Keseimbangan garis pantai dan profil pantai stabil perlu dipelajari untuk menentukan volume material yang akan dipasok dan volume yang diperkirakan
akan hilang dalam jangka waktu tertentu Di Indonesia metode ini sudah diterapkan di Nusa Dua Bali Syamsudin dalam Latief, 2008.
Kombinasi solusi mitigasi bencana seringkali diperlukan untuk mengatasi menurunnya kualitas ketahanan lingkungan. Untuk mencegah
kehilangan sedimen pasir, telah diterapkan kombinasi beach nourishment, pembangunan groin dan detached breakwater seperti terlihat pada Gambar 59.

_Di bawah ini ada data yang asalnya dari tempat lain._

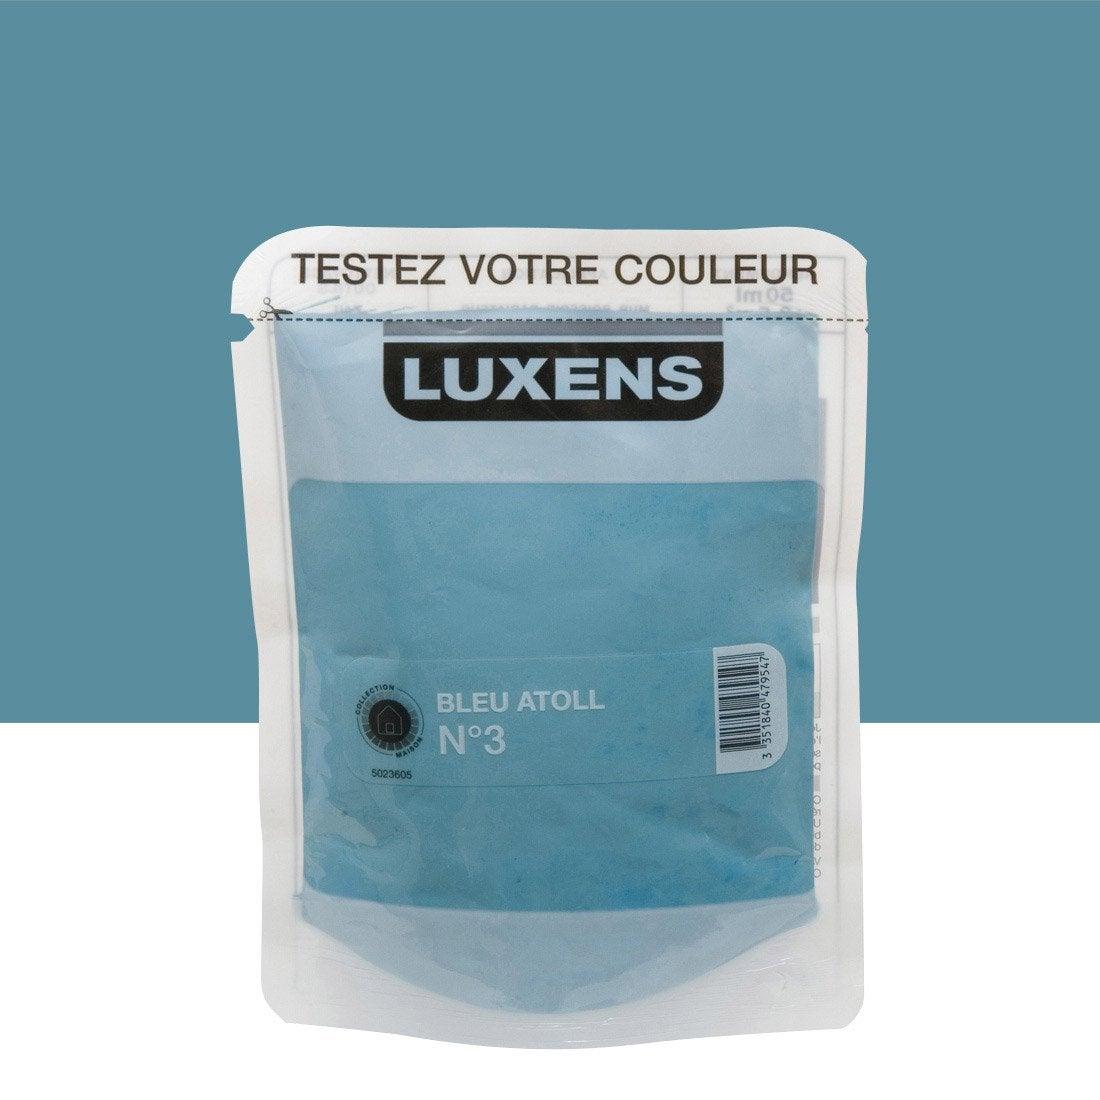 testeur peinture bleu atoll 3 luxens couleurs int rieures satin l leroy merlin. Black Bedroom Furniture Sets. Home Design Ideas

Gambar 59. Kombinasi beach nourishment, groin dan detached breakwater
Sumber : Hanson 2007
Gambar 60. Sistem peringatan dini terintegrasi dengan sistem penyelamatan diri
Sumber : Sopaheluwakan 2008
Pergerakan lempeng tektonik di dasar samudera dengan dampak kolateralnya tsunami akan terdeteksi oleh sistem peringatan dini dengan alat
berupa buoy yang terpasang di permukaan laut dan terikat ke dasar lautan, yang akan mengirimkan signal ke satelit Gambar 60. Signal kemudian
diteruskan ke pusat peringatan warning centre di pesisir dan pusat kendali nasional national control center. Petugas di pusat peringatan warning centre
akan memastikan apakah signal tersebut merupakan ancaman tsunami atau bukan, dan jika benar merupakan ancaman maka petugas akan memberikan
tanda bahaya melalui sirine, email, telepon selular, maupun pemberitahuan secara tradisional. Bersamaan dengan pemberitahuan melaui berbagai macam
media tersebut, petugas instansi terkait dan masyarakat yang sudah terlatih dalam kegiatan penyelamatan diri akan membantu masyarakat lainnya menuju
lokasi terdekat yang aman dari ancaman tsunami Sopaheluwakan, 2008. Mengingat upaya mitigasi dengan sistem peringatan dini dan
penyelamatan diri sudah di laksanakan sebagai kegiatan bersama delapan negara yaitu Indonesia, Jerman, Jepang, China, Amerika, Perancis, Australia,
dan Malaysia sejak tahun 2005 Sopaheluwakan, 2008, diharapkan INA TEWS Indonesia Tsunami Early Warning System merupakan bentuk mitigasi yang
efektif diterapkan di salah satu lokasi penelitian yaitu Ciamis yang berdekatan dengan lokasi patahan utama megafaultmegatrust di selatan pulau Jawa.